ACTION ITEM
Extract the whole listing as it stands. Do not include the pictures.

AVAILABLE DATA
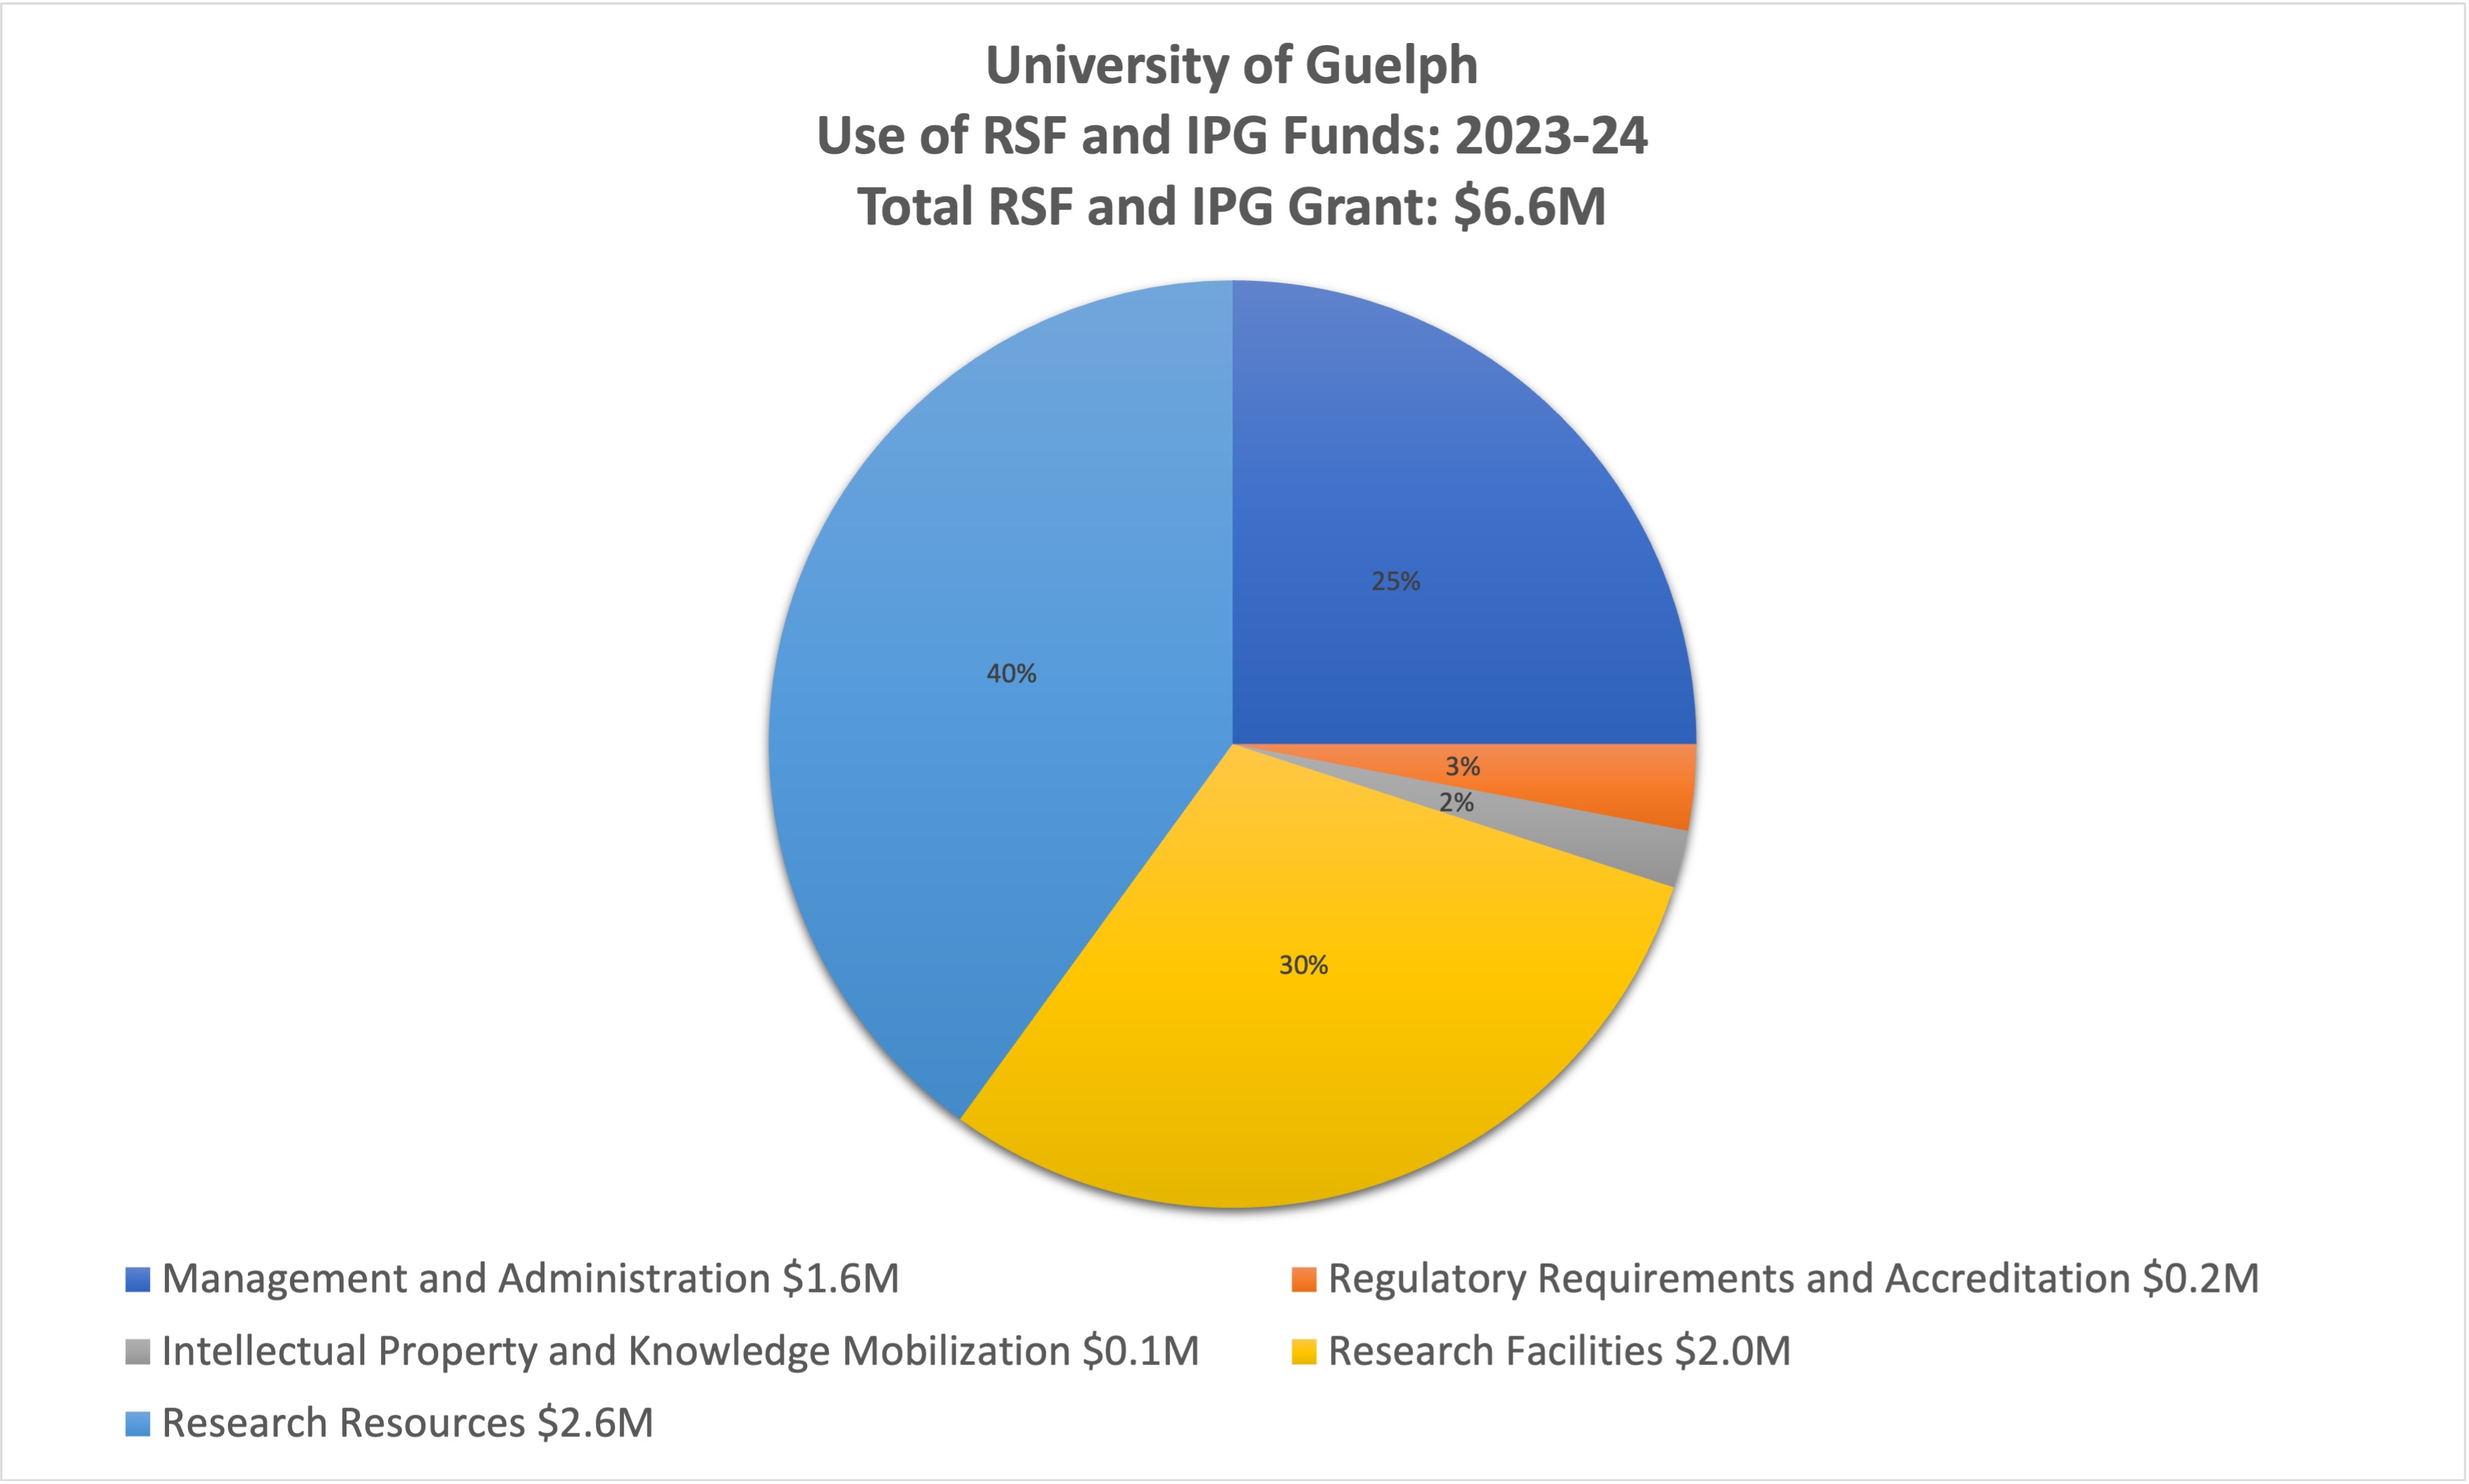 University of Guelph - Use of RSF and IPG Funds: 2023-24 - Total RSF and IPG Grant: $6.6M. Management and Administration - $1.6M. Regulatory Requirements - $0.2M. Intellectual Property - $0.1M. Facilities - $2.0M. Research Resources $2.6M.
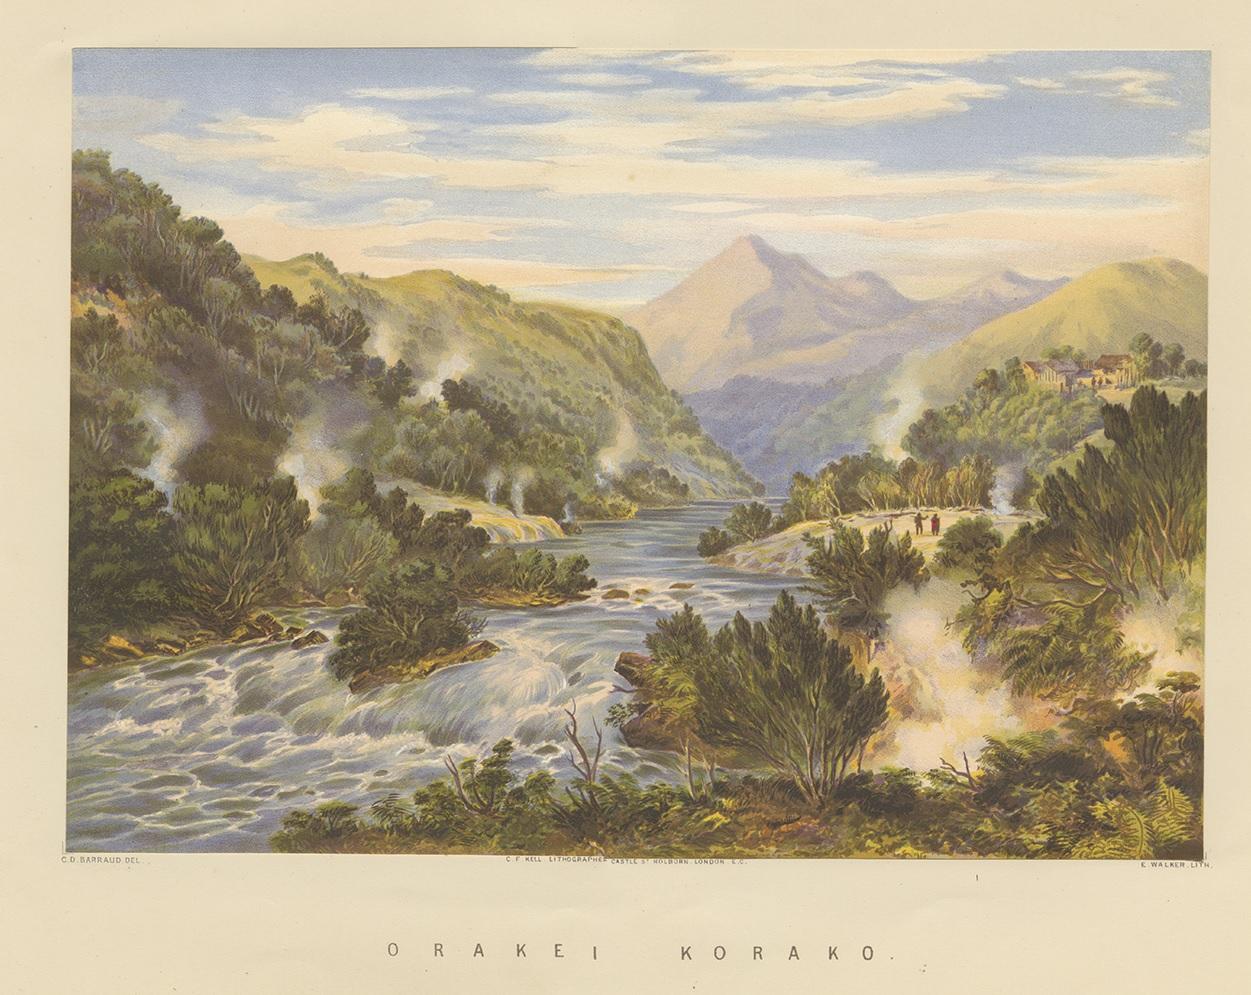 Antique print titled 'Orakei Korako'. View of Orakei Korako, a highly active geothermal area most notable for its series of fault-stepped sinter terraces, located in a valley north of Taupo on the banks of the Waikato River in the Taupo Volcanic
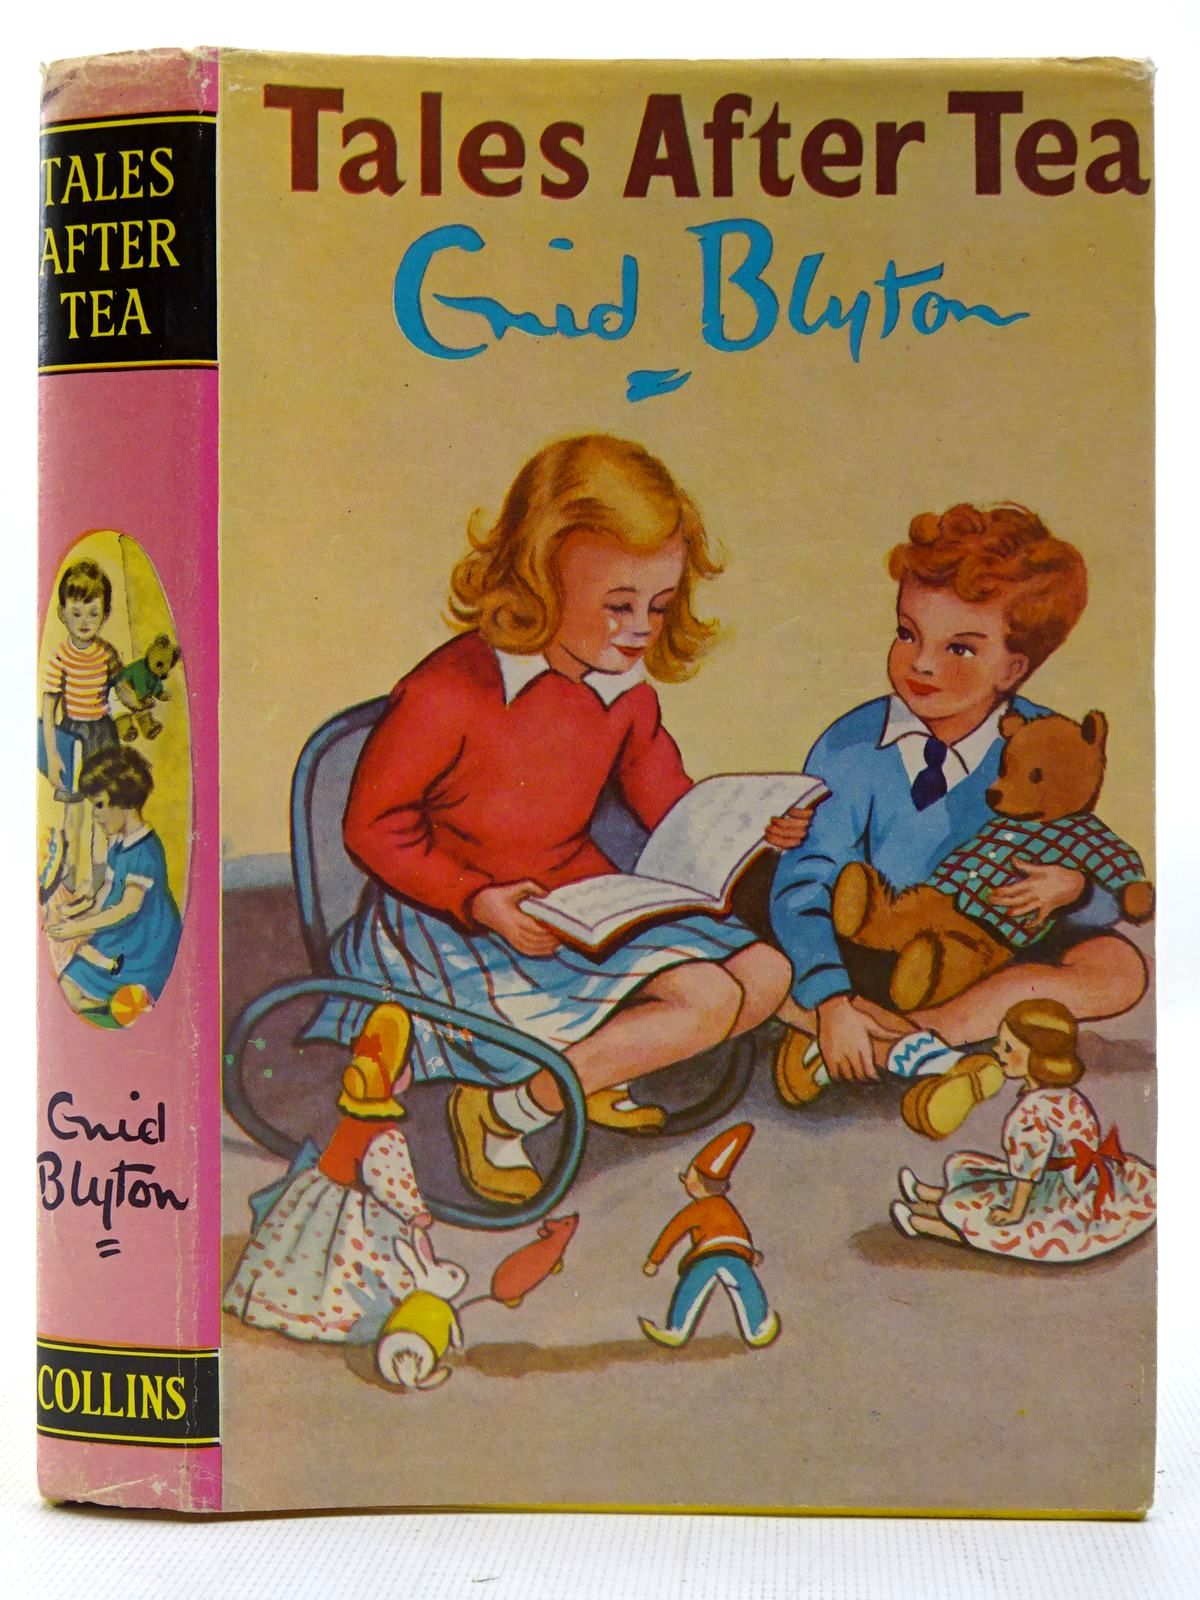 Cover of TALES AFTER TEA by Enid Blyton

SOLUTION TO THIS PROBLEM
 University of Guelph - Use of RSF and IPG Funds: 2023-24 - Total RSF and IPG Grant: $6.6M. Management and Administration - $1.6M. Regulatory Requirements - $0.2M. Intellectual Property - $0.1M. Facilities - $2.0M. Research Resources $2.6M.
 Antique print titled 'Orakei Korako'. View of Orakei Korako, a highly active geothermal area most notable for its series of fault-stepped sinter terraces, located in a valley north of Taupo on the banks of the Waikato River in the Taupo Volcanic
 Cover of TALES AFTER TEA by Enid Blyton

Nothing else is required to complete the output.